Staff and agencies 

Private GP deal ‘will not drain NHS resources’

The head of the first private firm to take over a GP surgery today denied the contract would drain resources from the NHS.
  
  


The head of the first private firm to take over a GP surgery today denied the contract would drain resources from the NHS.

However, although Mike Parish, the chief executive of Care UK, said the company would not recruit GPs from "under-doctored" areas of Britain, he admitted staff from other parts of the NHS would work at its surgery and walk-in centre in east London.

Under a deal believed to be worth £5m over five years, the company will provide primary care services free to 7,000 NHS patients in Barking and Dagenham.

It will employ three GPs and seven nurse practitioners, who will also staff a walk-in centre dealing with 100 patients a day.

Professor Allyson Pollock, of the University of Edinburgh, told BBC Radio 4's Today programme that Care UK had "very little experience" of providing direct services for patients, and would use the contract to take resources away from the NHS.

"One has to see this against the background of major cuts and closures that are going on in the NHS," she said. "Care UK doubled their profits last year but, not only that, they have very little experience of providing direct NHS services of any kind.

"What they will do is ... take GPs and nurses from the NHS, because that's the only place where they are."

Ms Pollock said the contracts were "commercial and in confidence", and added: "What people don't realise is that these corporations are using GP practices as a loss leader to come in and take more and more of the NHS budget".

The deal - brokered by the government as part of an overhaul of family doctor services - will see the return of a Saturday morning surgery.

Mr Parish admitted doctors employed at the practice would come from the NHS, but said his company was filling gaps in NHS services.

"We have undertaken not to take any doctors from existing under-doctored areas, because that would just be just moving the problem around," he added.

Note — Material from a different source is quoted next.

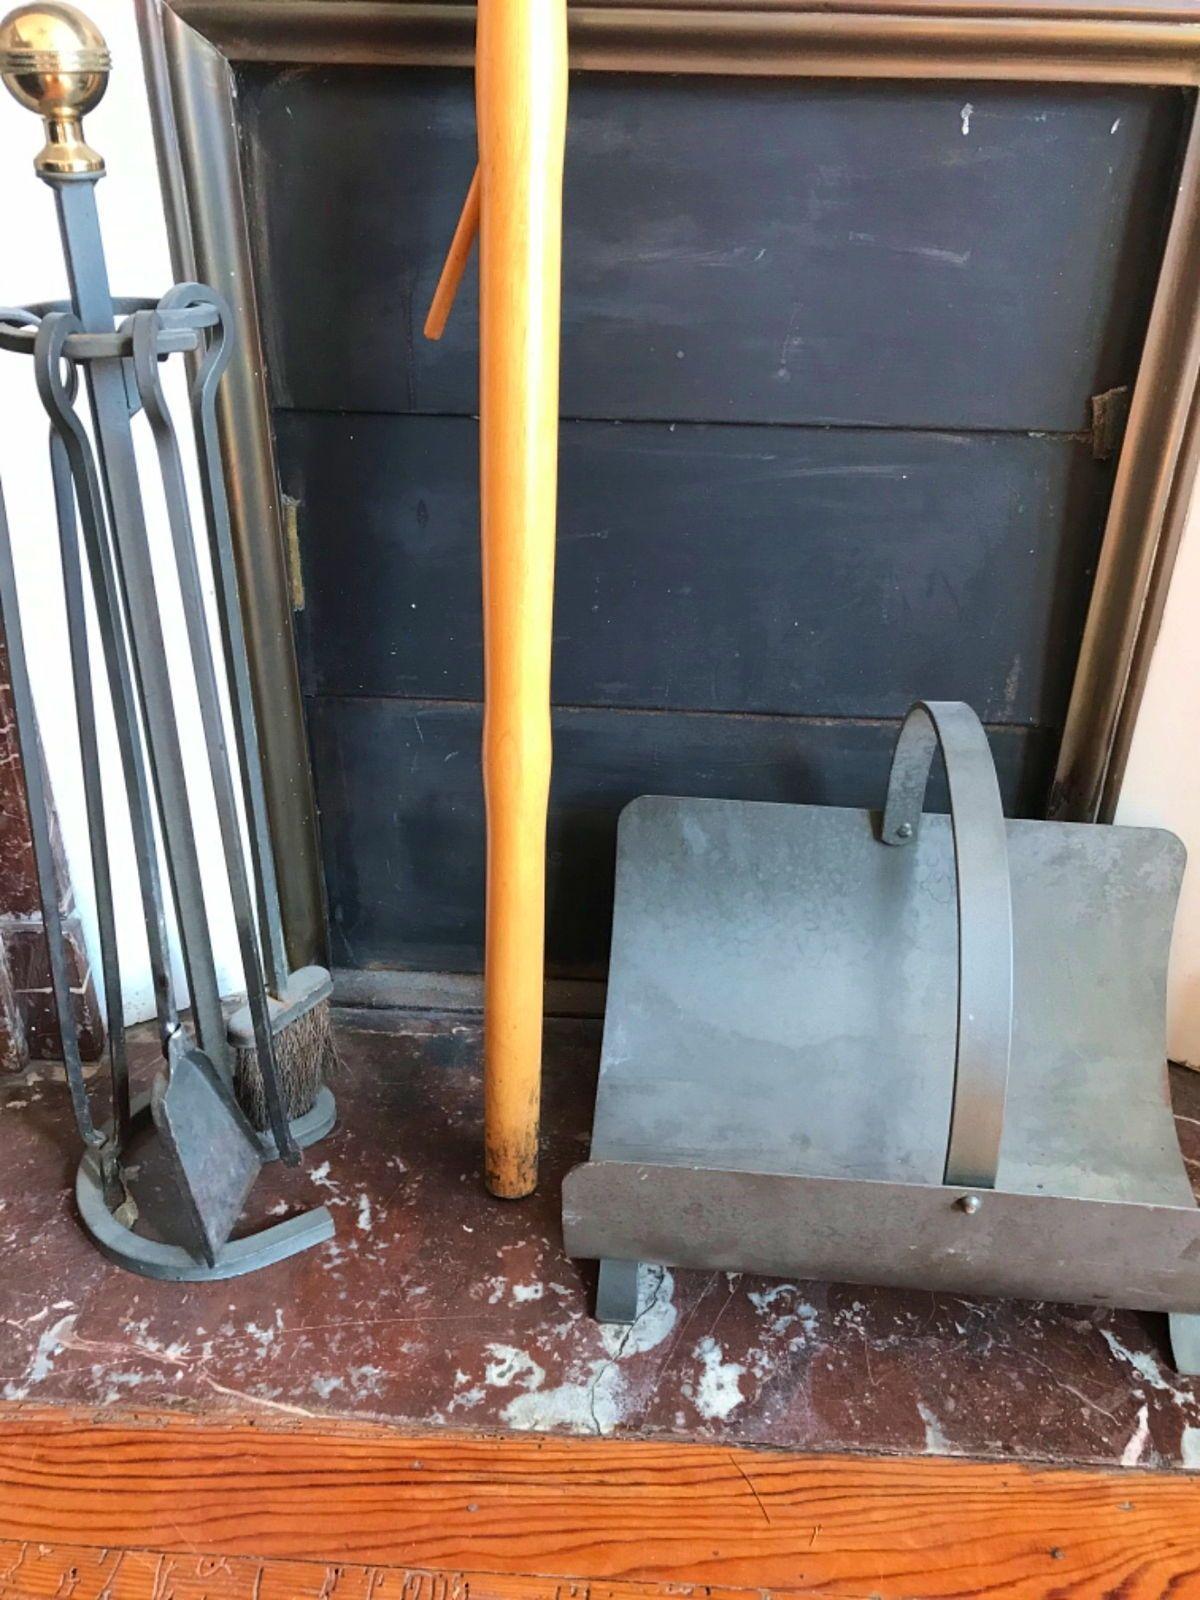 Vends ensemble serviteur complet de cheminée en fer forge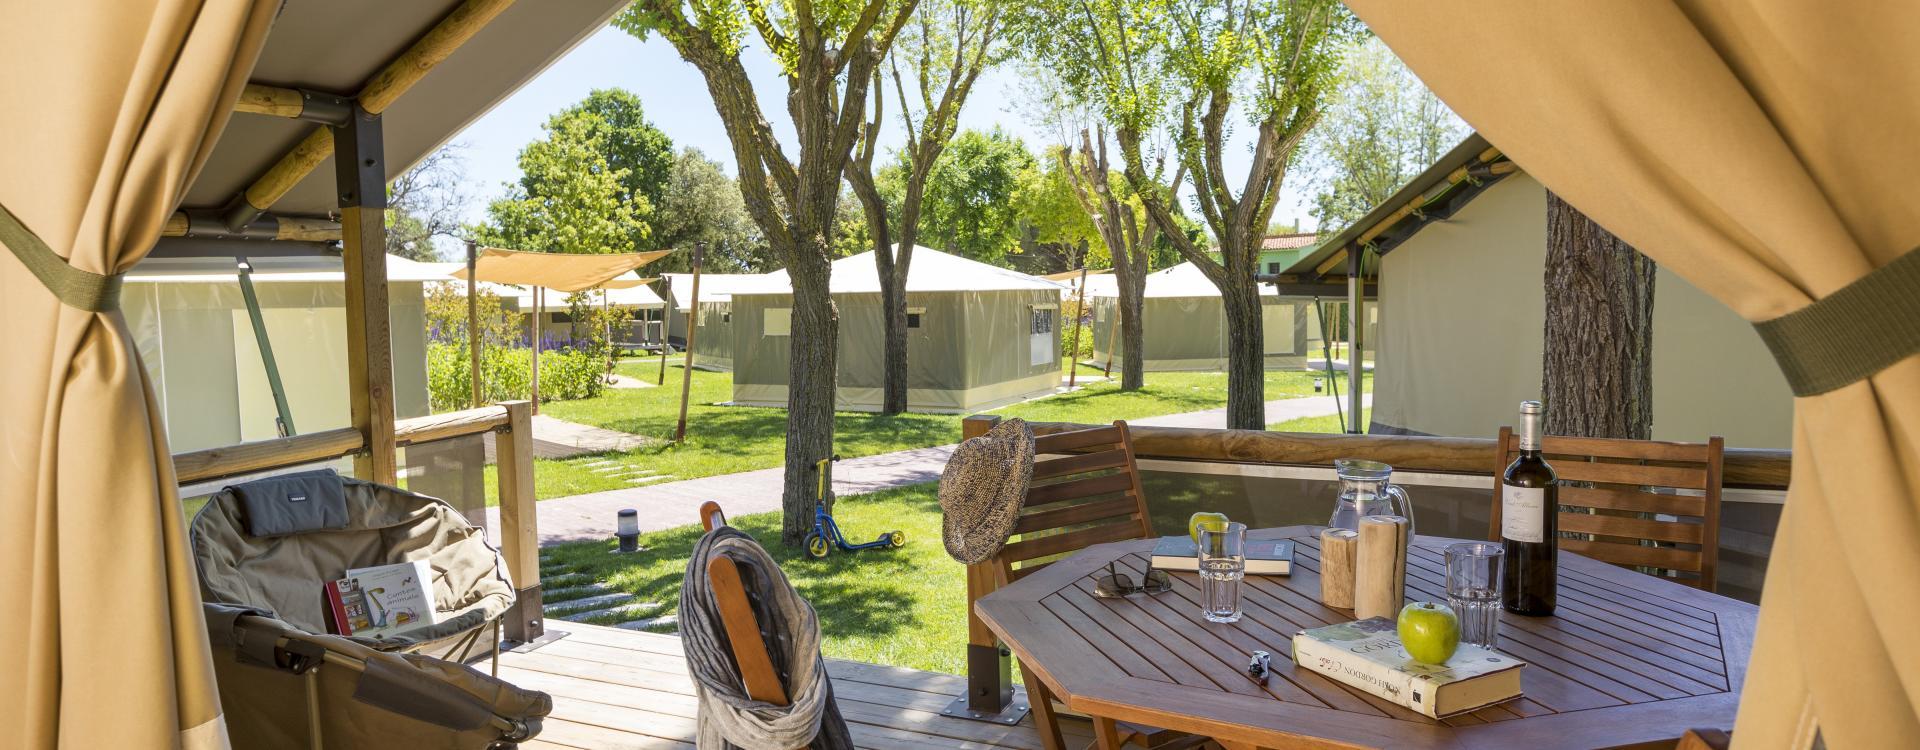 Tienda Super Fun - Camping Valldaro - Playa de Aro

The chief executive said that although his company - which was set up in 1994 and mainly runs care homes and private hospitals - aimed to make a profit, it had reinvested "at least twice" its level of profits into new services.

The government has named six pilot areas with few GPs per head of population for pilot schemes contracting out services to the private and voluntary sectors.

The Barking scheme, which opens in July, is expected to be followed by contracts in Hackney, east London, and South Sefton, Merseyside.